RE:RE:RE:RE:RE:RE:RE:bonds trading at 46.00The strong $cdn has helped materially over the past year. The debt is $usd denominated so the run in the $C has added at least 5 points to the market price of the bond . And by the way, ATH does not have any other debt outstanding other than the LC facility which has to be 101% covered by deposits at the bank. So the letter of credit facility is like a prepaid credit card.

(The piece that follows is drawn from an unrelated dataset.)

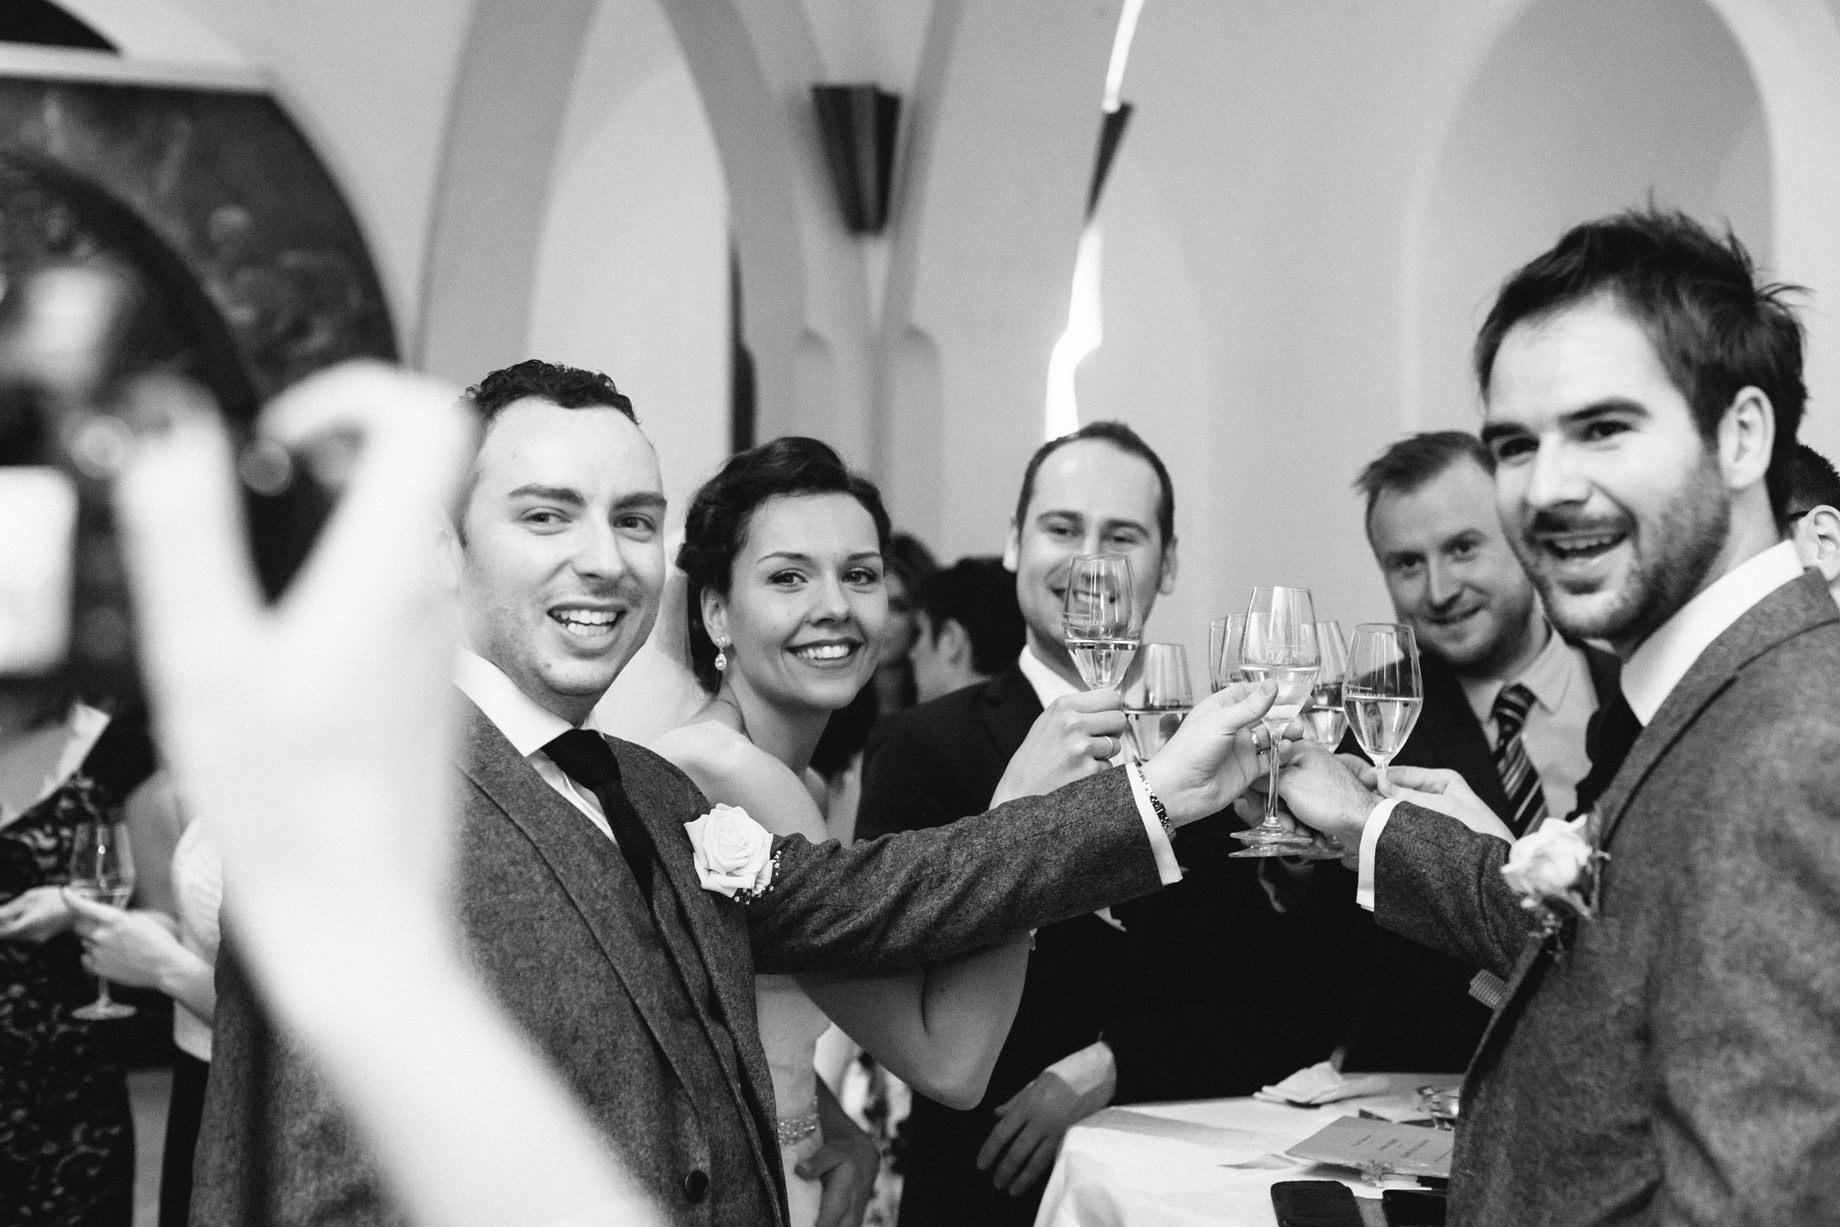 Hochzeit im Bremer Ratskeller

Maxmoe wrote: The bonds mature February 2022 which next month will be less than one year. Just the passage of time explains a big part of the change in the price but even at 46 they are priced sub junk. They are pricing in a high probability of insolvency and bankruptcy protection. Which is why I would still buy them because the refinancing is coming sooner rather than later. And I'm still enraged they haven't bought any back even at 50 cents on the dollar. Even $50 million worth, a small portion of the cash on hand, would drive the bonds and the stock up huge. That in turn would greatly improve the terms of the refinancing. Most frustrating is despite repeated requests, management won't comment. K them yourself. It's the number one question they always get!! Have they considered buying back bonds? No comment. Are there covenants that prevent them from even a small buyback? No comment. Are their heads up their arses? Hmph, Hmmpphhh.

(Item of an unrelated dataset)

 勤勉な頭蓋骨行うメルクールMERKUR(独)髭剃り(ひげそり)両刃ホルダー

Maxmoe wrote: Hahaha Chris. For a guy that owns exactly 100 shares of ATH, maybe the problem is the minimum buy for a bond is $1000 face value . Those bonds are my hot button. I called and spoke to my discount brokers at TD and BMO twice each. Neither would even give me a quote. And Why T F the company didn't buyback the bonds last spring at $18 makes me apoplectic. If you use a real broker, not one of the bank owned discount brokers, try and buy some. Good luck and please post here which broker you used so I can open an account. The bonds don't trade on "the bond desk" they are listed and trade on the Berlin exchange, a second or third tier exchange.
Chris007 wrote: Again for TD, when I look at the High Yield section, the offerings are even slimmer
Air Canada
Bombardier
Parkland
Russel Metals
Sherritt
SNC
Transalta
I guess they don't have a very big inventory of junk bonds
Chris007 wrote: Probably not with discount brokers, anyway.
I'm with with TD and the only corporates I can see that are readily available for purchase are the usual investment grade stuff, that are more liquid (RBC, BMO, TD, CIBC, Telus, Bell, Rogers, Enbridge)
Nothing below BBB.
Primetime1 wrote: Is there any practical way for a retail investor to actually buy these bonds?